When copying the listing below, skip every picture and keep each word as it stands.
:: Data to process
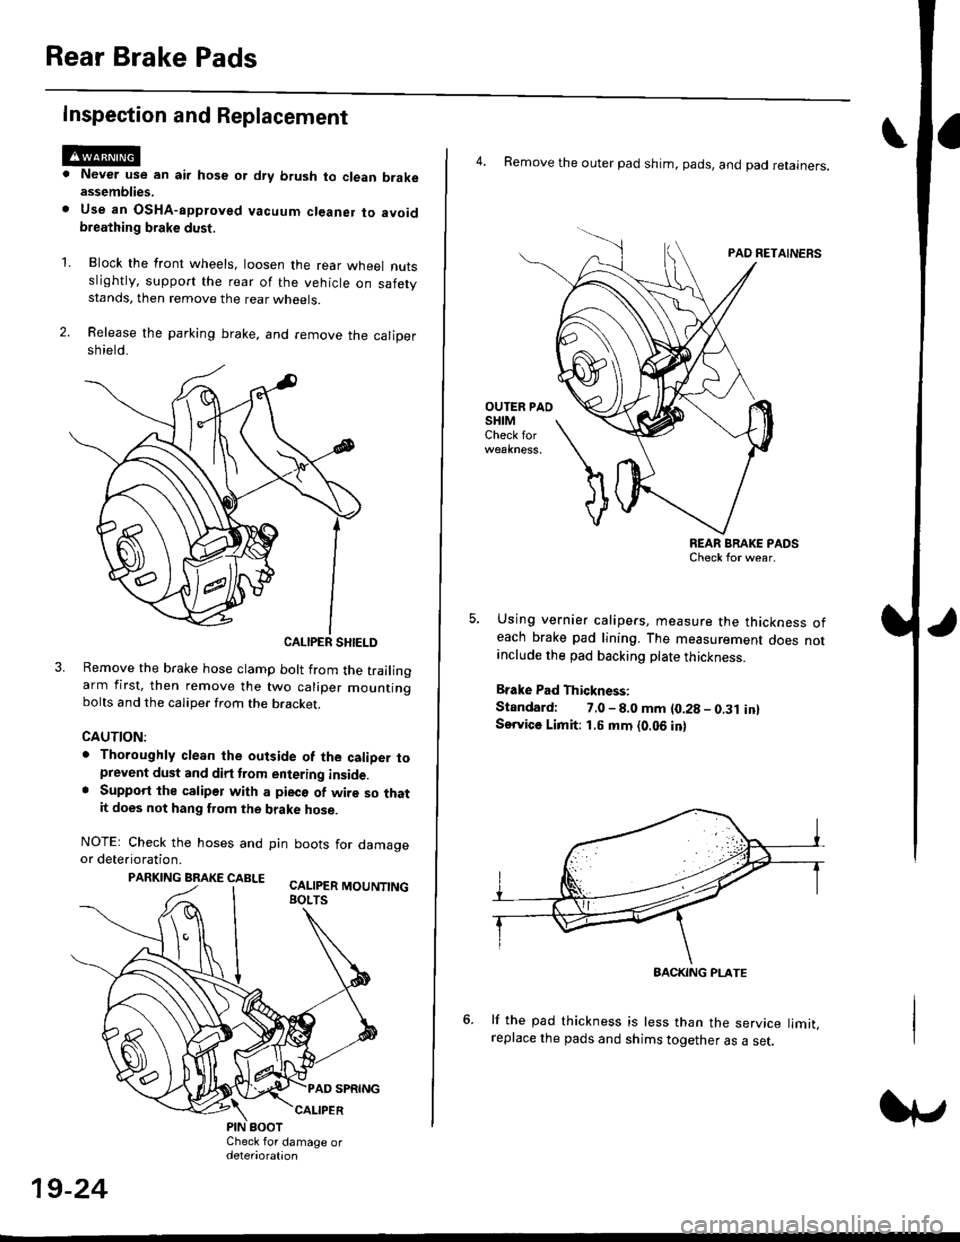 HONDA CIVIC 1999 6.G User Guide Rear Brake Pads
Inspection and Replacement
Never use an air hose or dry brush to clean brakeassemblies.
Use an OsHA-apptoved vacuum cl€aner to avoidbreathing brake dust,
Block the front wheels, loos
::::
Answer to this problem
 HONDA CIVIC 1999 6.G User Guide Rear Brake Pads
Inspection and Replacement
Never use an air hose or dry brush to clean brakeassemblies.
Use an OsHA-apptoved vacuum cl€aner to avoidbreathing brake dust,
Block the front wheels, loos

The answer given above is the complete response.